_Data extracts:_

__________

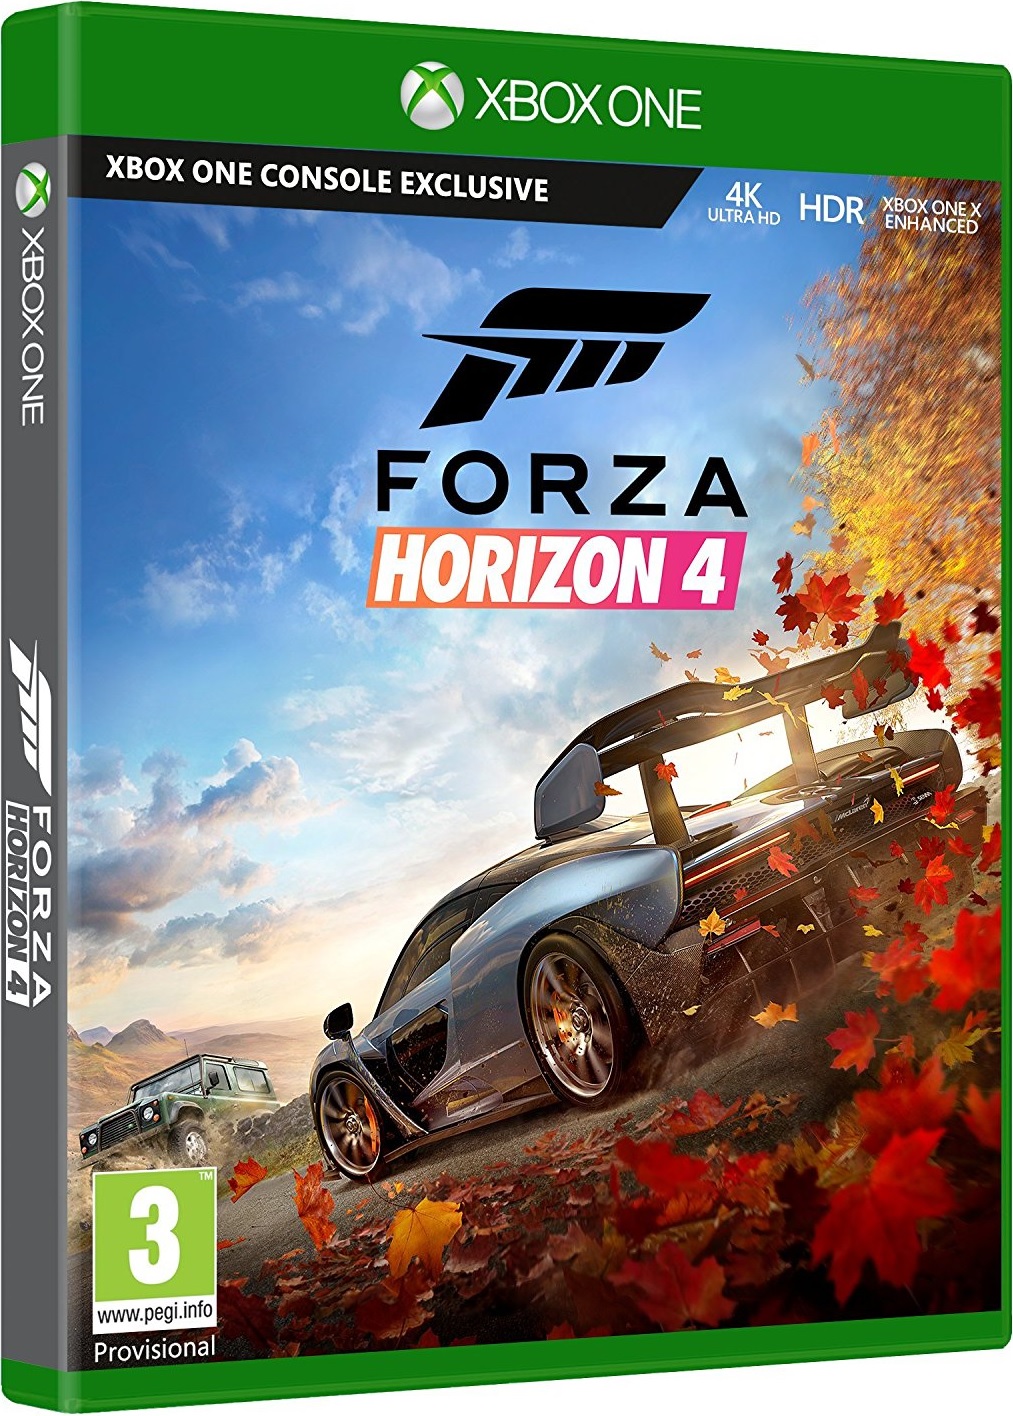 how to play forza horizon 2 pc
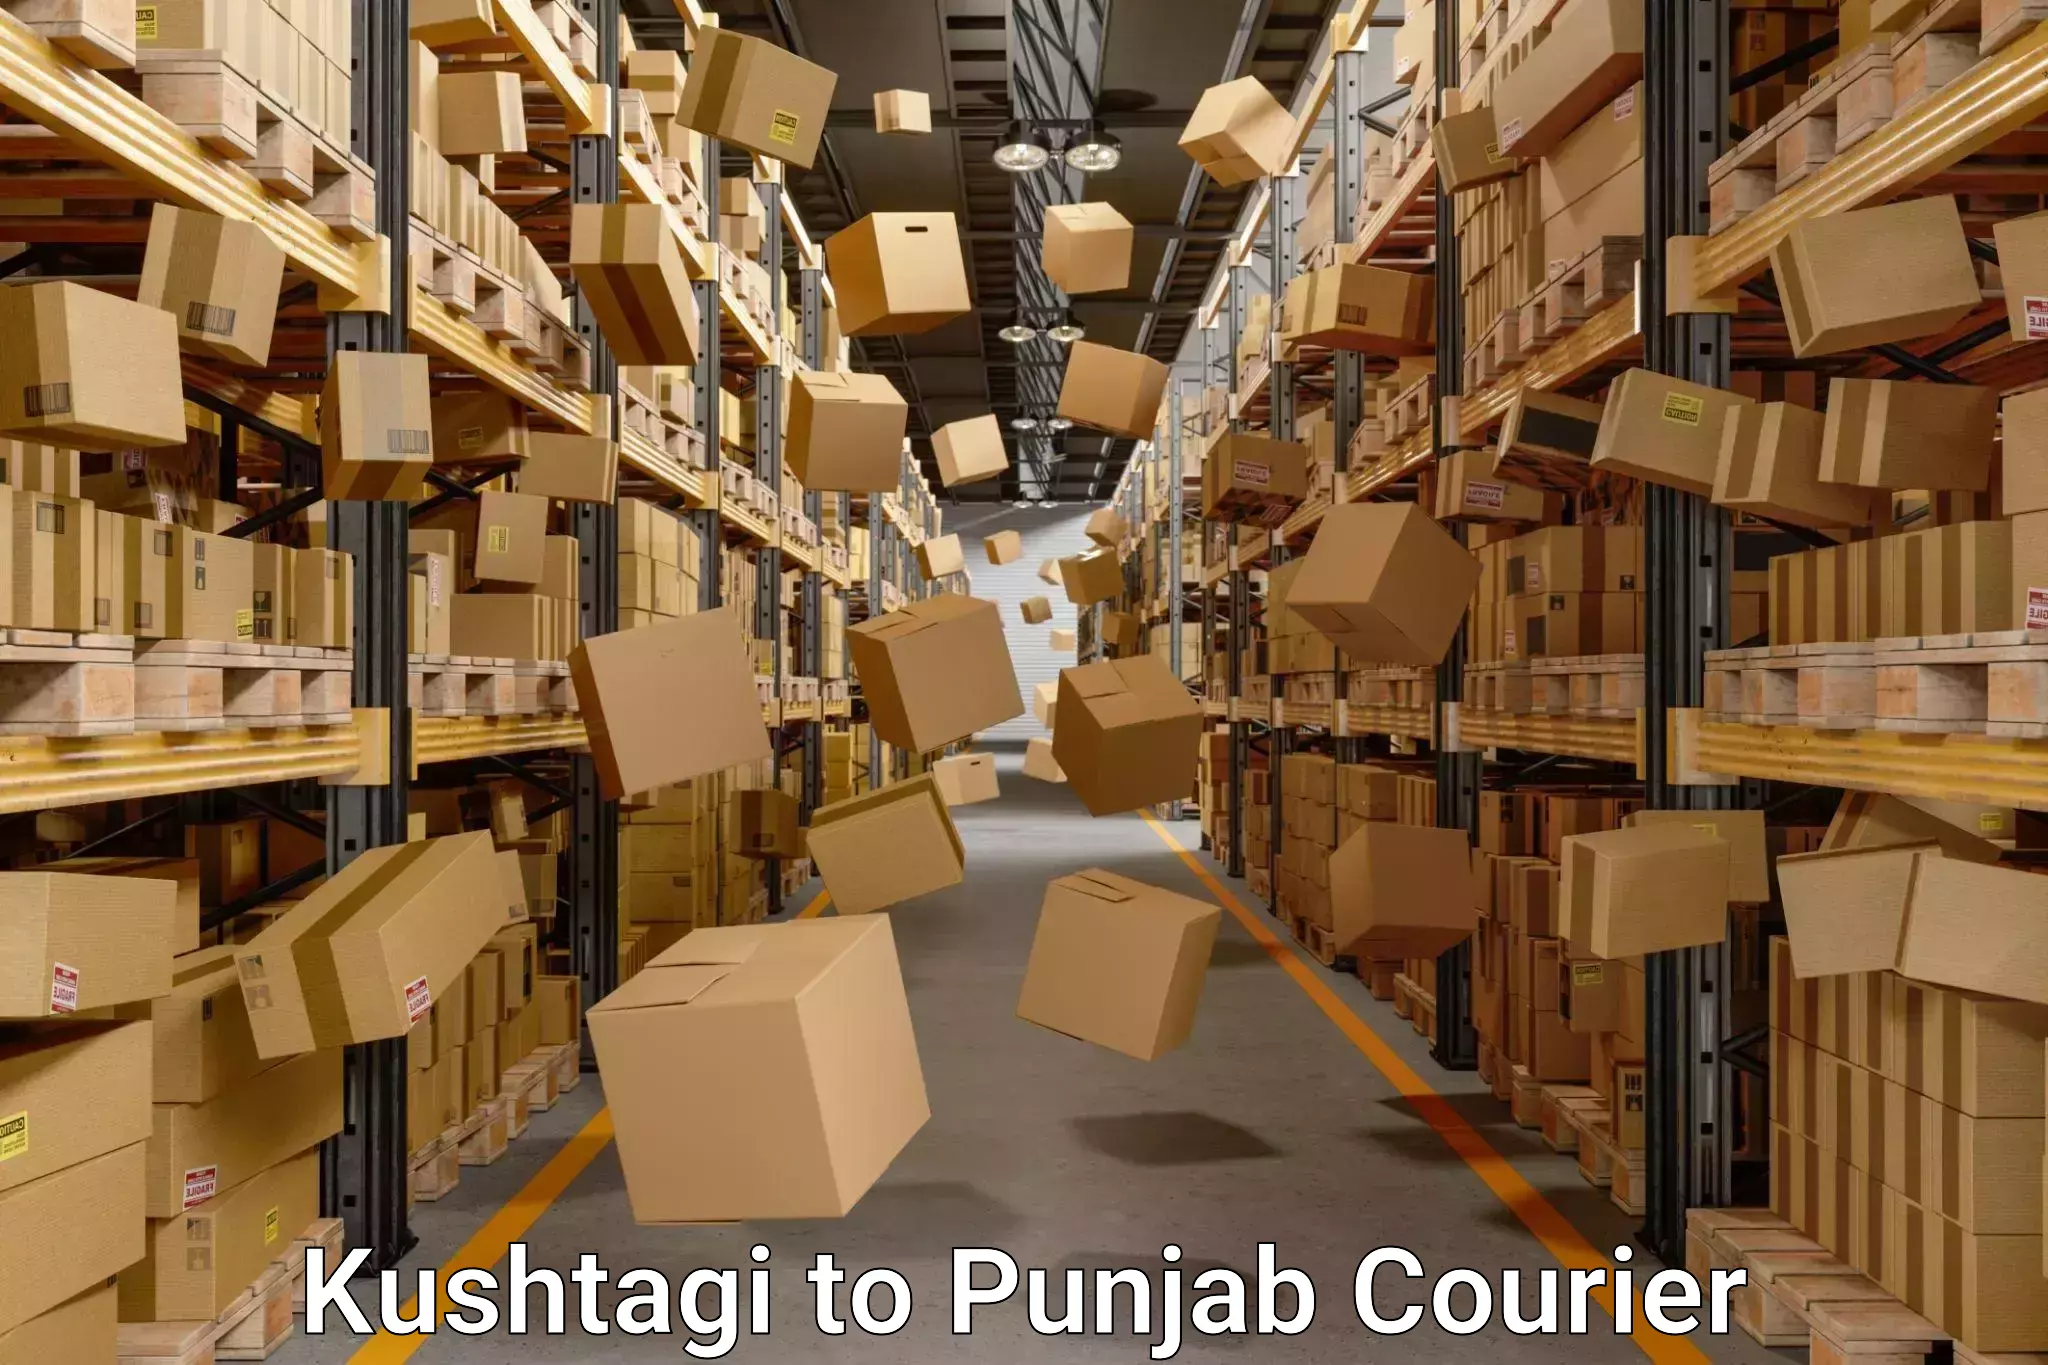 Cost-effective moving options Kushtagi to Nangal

__________

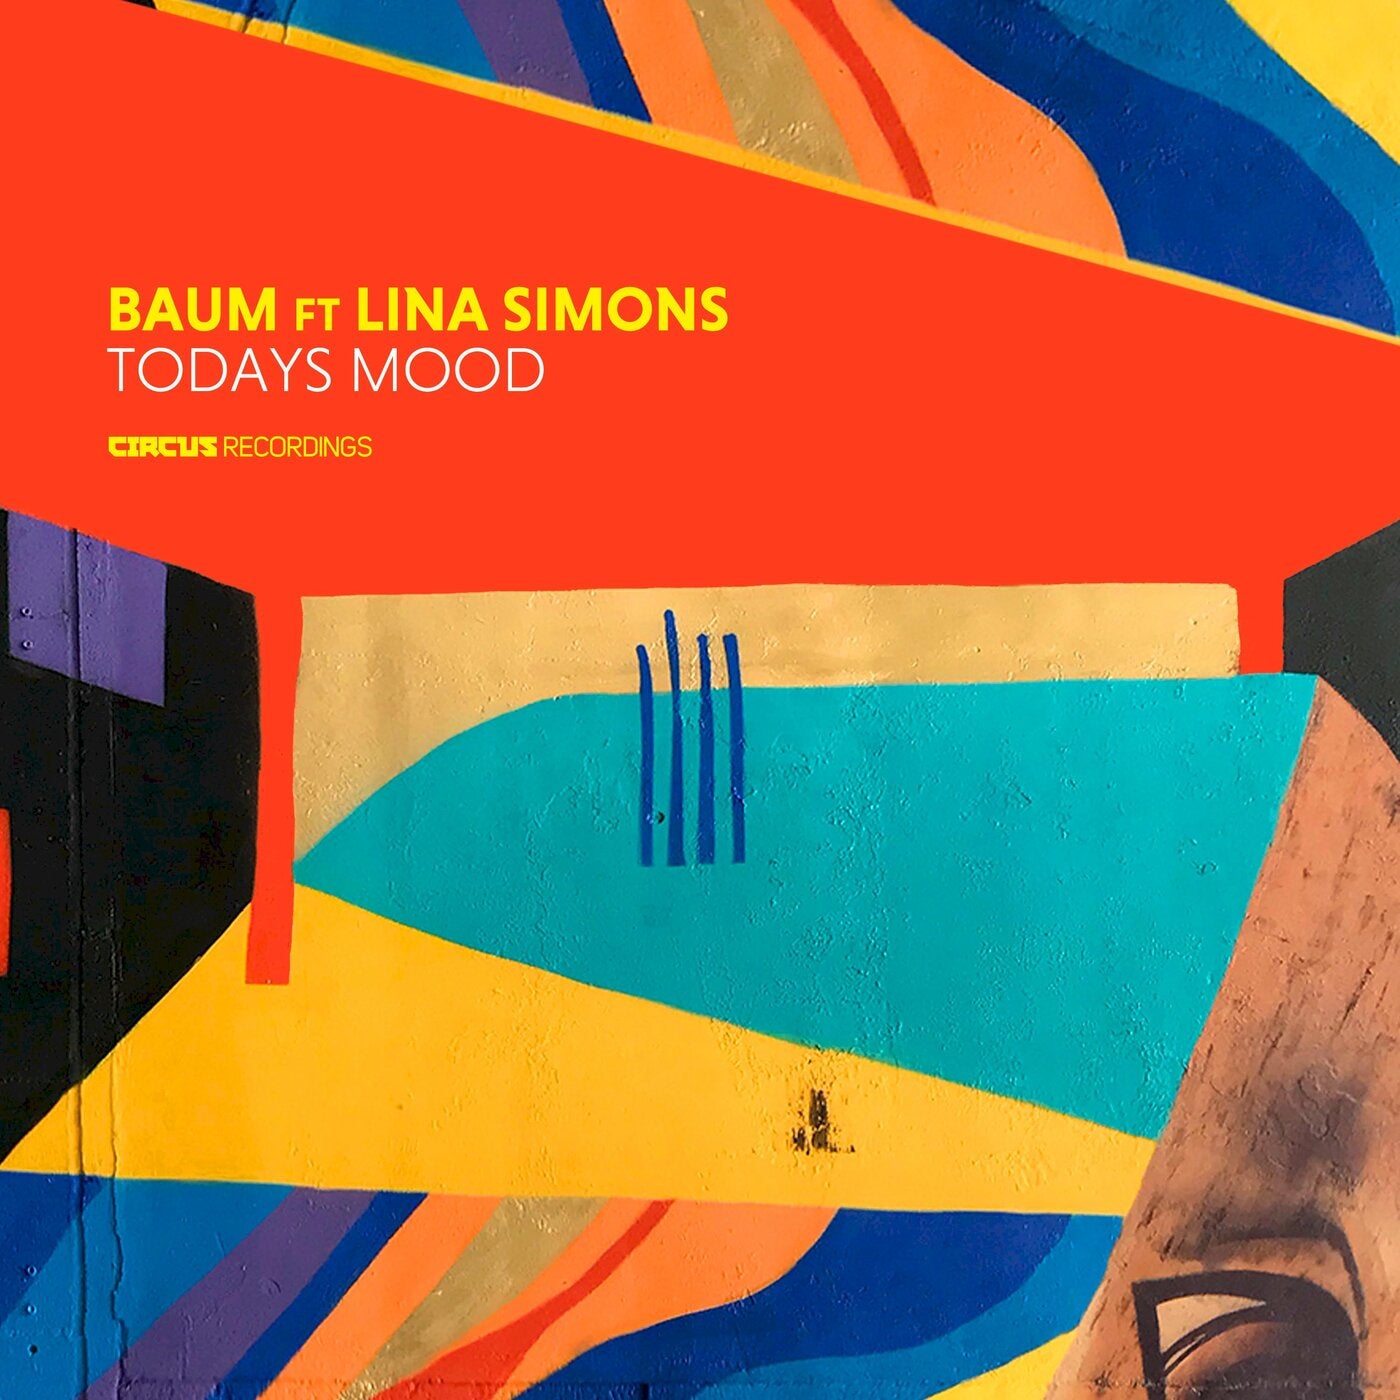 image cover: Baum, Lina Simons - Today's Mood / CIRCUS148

__________

_What you will do:_ Using the records above, return word for word the lines that begin at the one containing "how to play forza horizon 2 pc" and end at the one containing "Cost-effective moving options", both of them included and no pictures.

_Task result:_
 how to play forza horizon 2 pc
 Cost-effective moving options Kushtagi to Nangal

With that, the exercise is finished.